Issues of debt management and debt consolidation made the news again, as one more analyst – this time CIBC’s CEO, Gerry McCaughry – weighed in on the merits of cautious, conservative Canadians. Mr. McCaughey pointed to the merit of Canadian’s native fiscal prudence, as reflected in the behaviour of both our citizens and our banks, as the saving grace that shielded us from the grave challenges faced in real estate and mortgage markets abroad – particularly in the shattered housing and mortgage markets in the United States.
Mr. McCaughey told investors at a Montreal conference sponsored by CIBC that the recent slowdown in Canada’s housing market is a sign of Canadian’s prudence when it comes to matters fiscal. “I think the consumer probably is taking a pause and acting in a prudent fashion,” Mr. McCaughey said, “and that’s what’s driving this slowdown in the housing market.” Thus, Mr. McCaughey suggests that “the slowdown in mortgage lending is positive even though it means weaker loan growth for banks,” according to the Toronto Star.

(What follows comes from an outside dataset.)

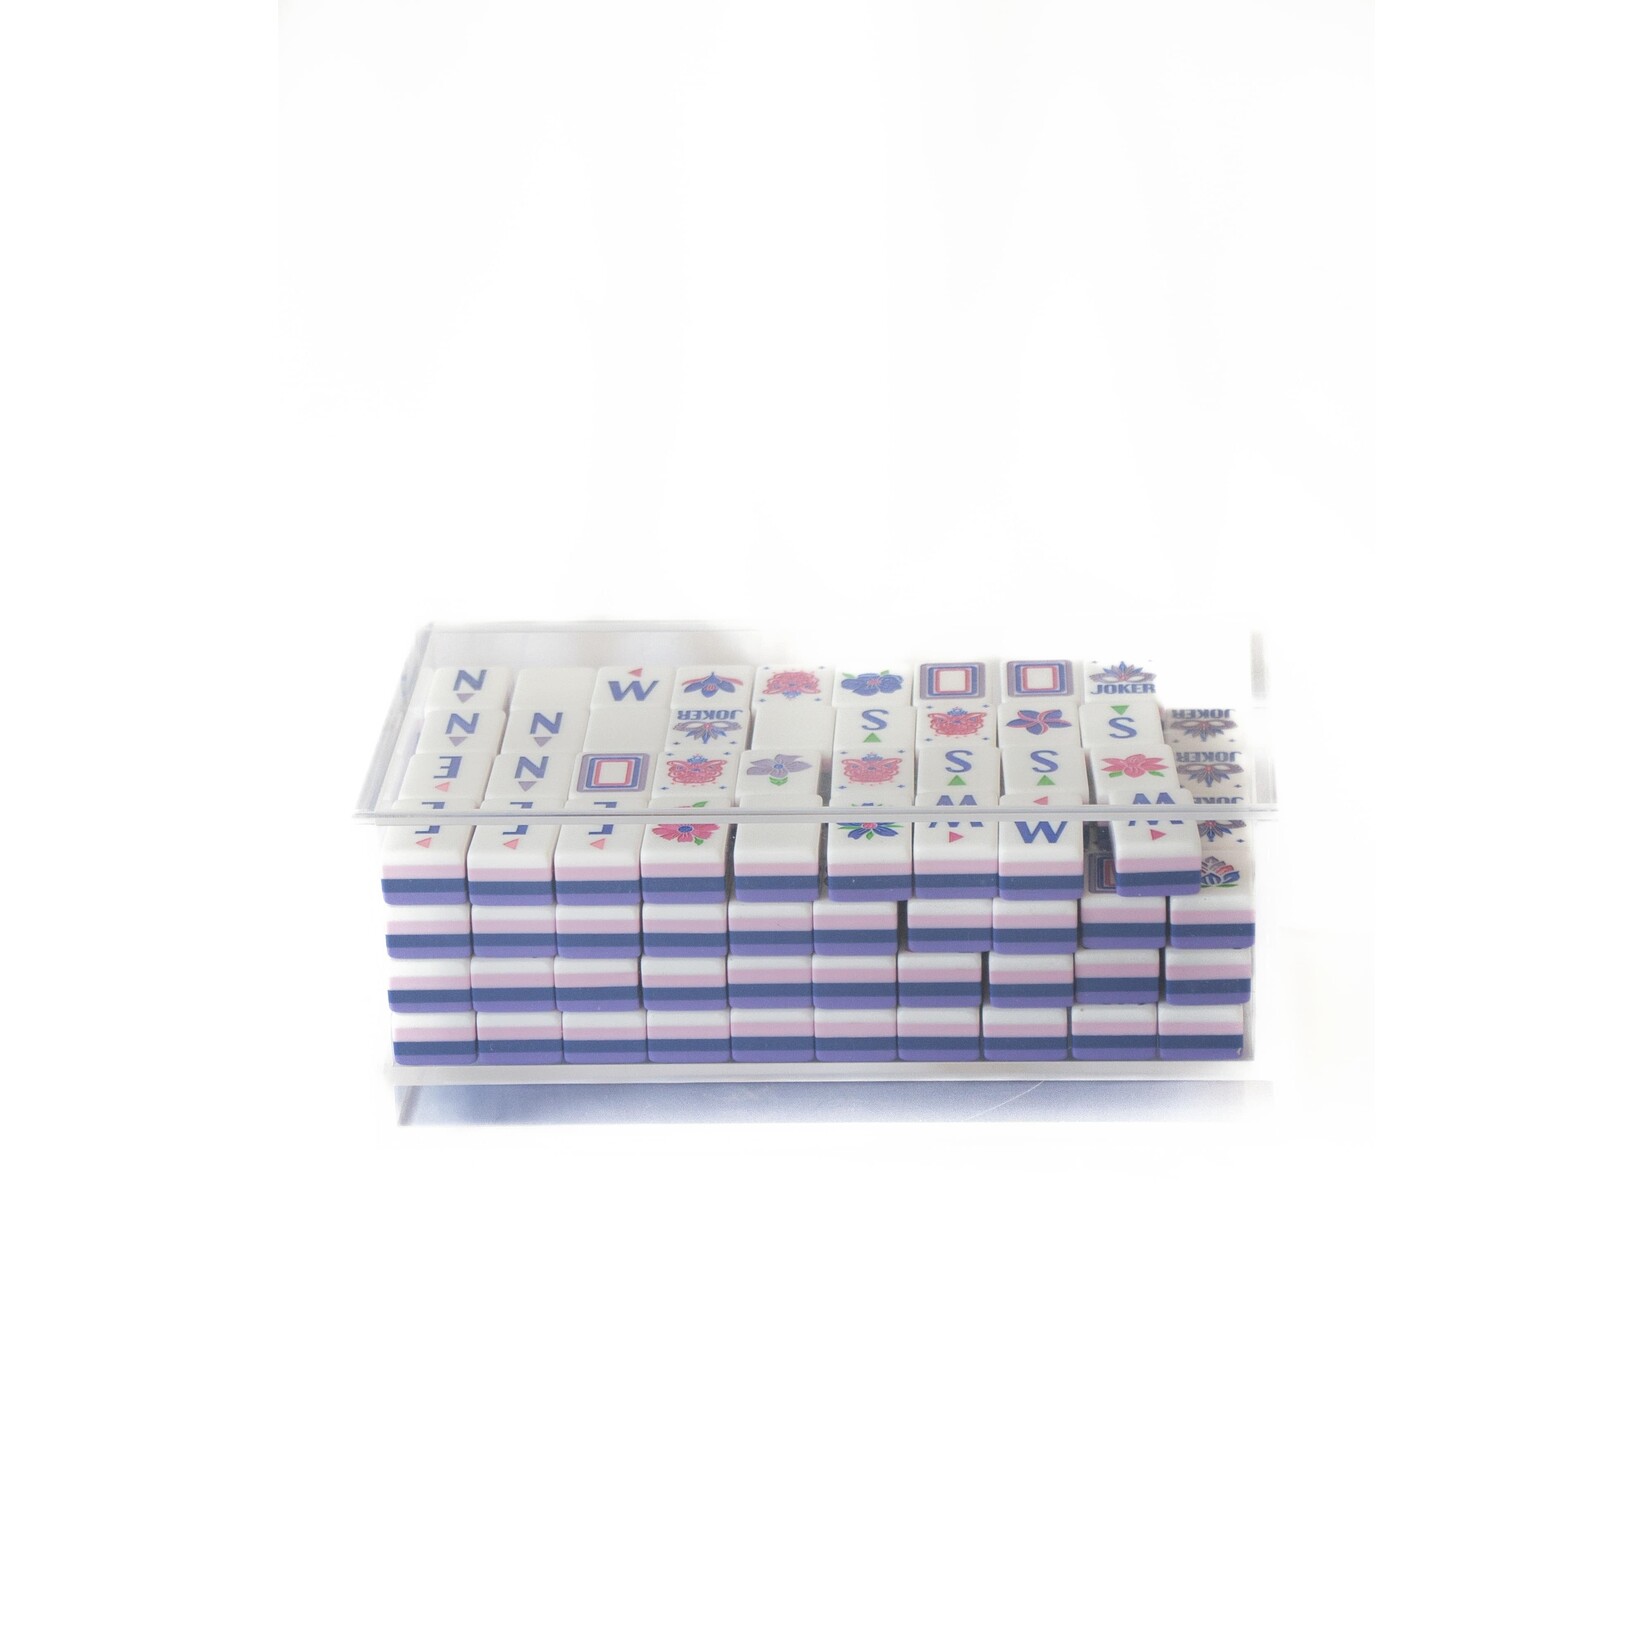 Oh My Mahjong Mahjong Box- Clear lid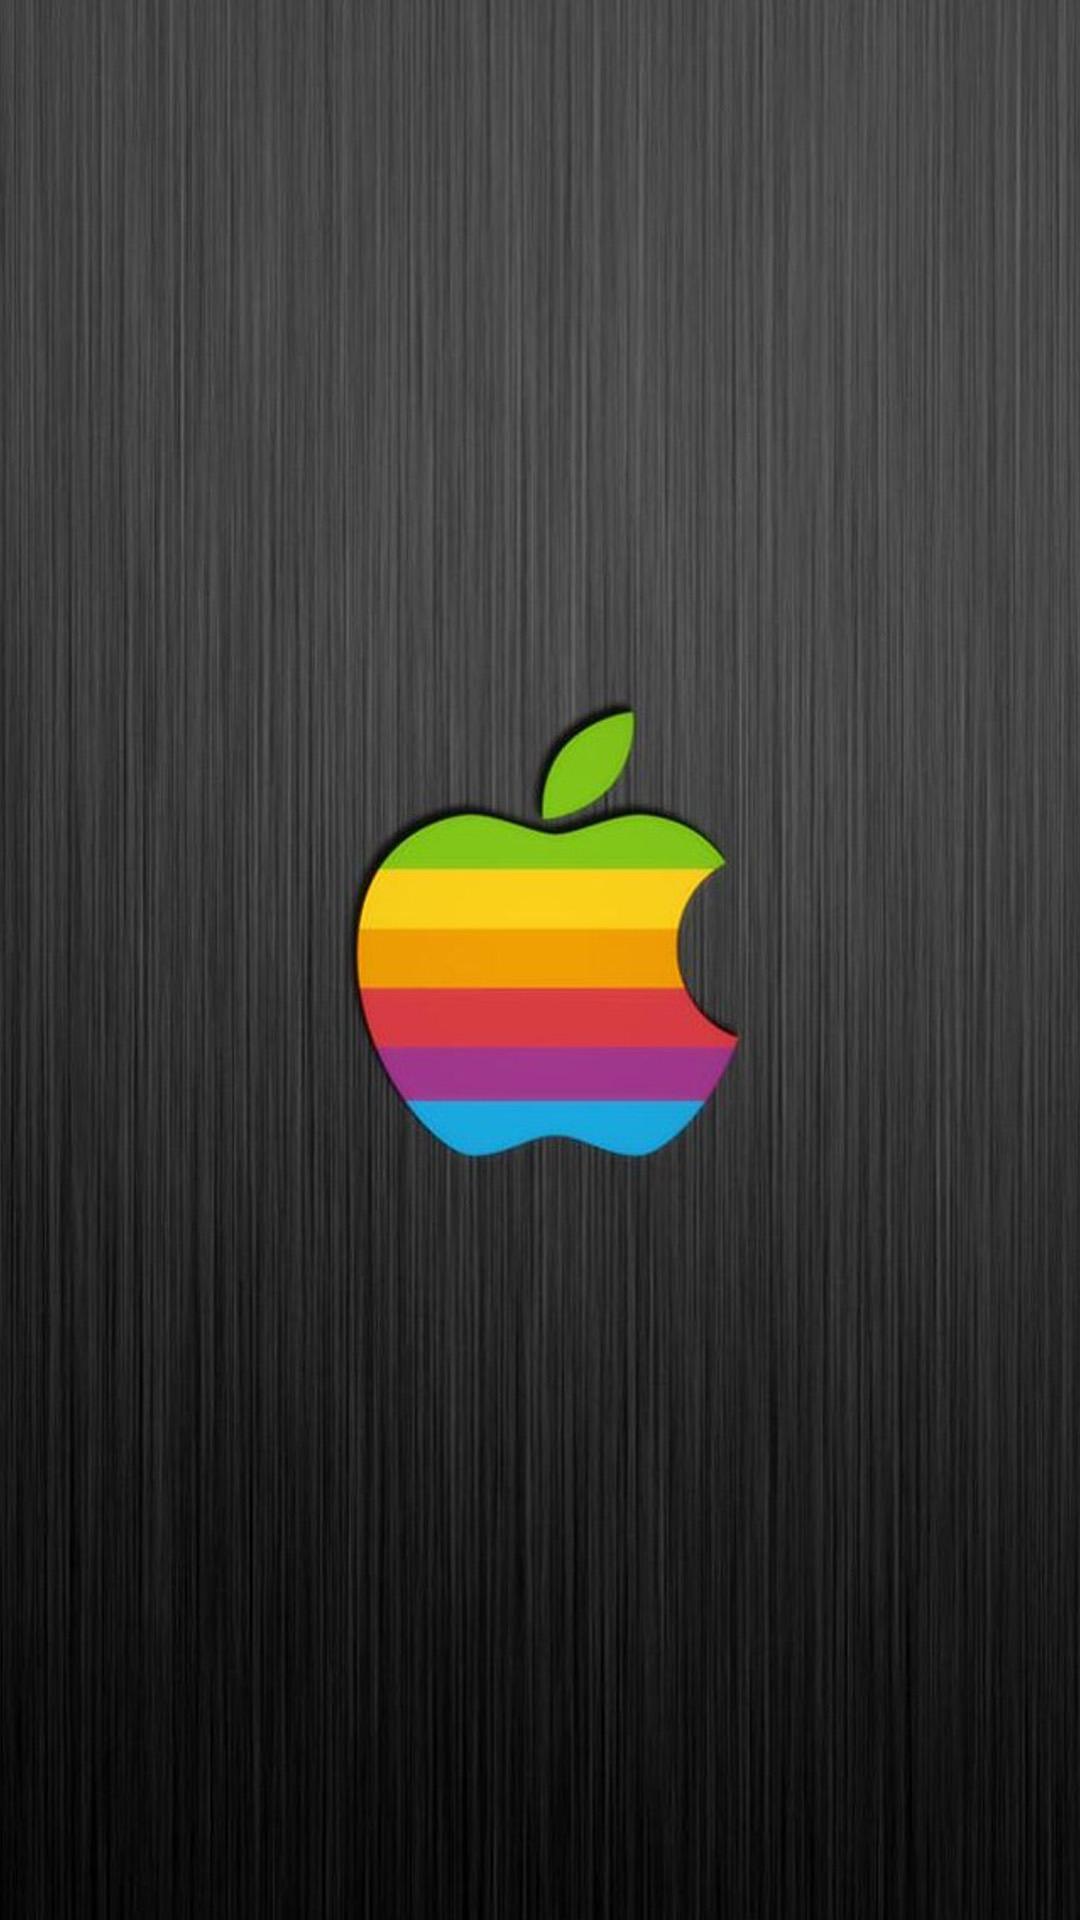 Apple logo for iphone user high definition wallpaper. High

The Star reiterated the recent Statistics Canada report showing “household debt hit $1.481 trillion during the second quarter of 2010, up from $1.385 trillion during the same period last year,” as well as the Canadian Payroll Association recently released analysis reporting 59 percent of Canadians essentially live paycheque-to-paycheque, as clear indications that Canadian consumers are overextended – a theme underlined by Mr. McCaughey’s remarks to the CIBC investor conference.
Nonetheless, absent a double-dip recession, Mr. McCaughey told investors he was confident that “the Canadian consumer is more than capable of managing these current debt levels.” He again pointed out that the easing demand for consumer loans and mortgages that banks are now experiencing is a sign of prudence, as interest rates will not always be as low as they are now.
While mortgage rates remain low, homeowners with substantial home equity who are nonetheless living paycheque-to-paycheque might consider a debt consolidation loan in order to reduce their interest payments on outstanding credit card balances and personal loans, while building savings and shoring up or relieving household cash flow.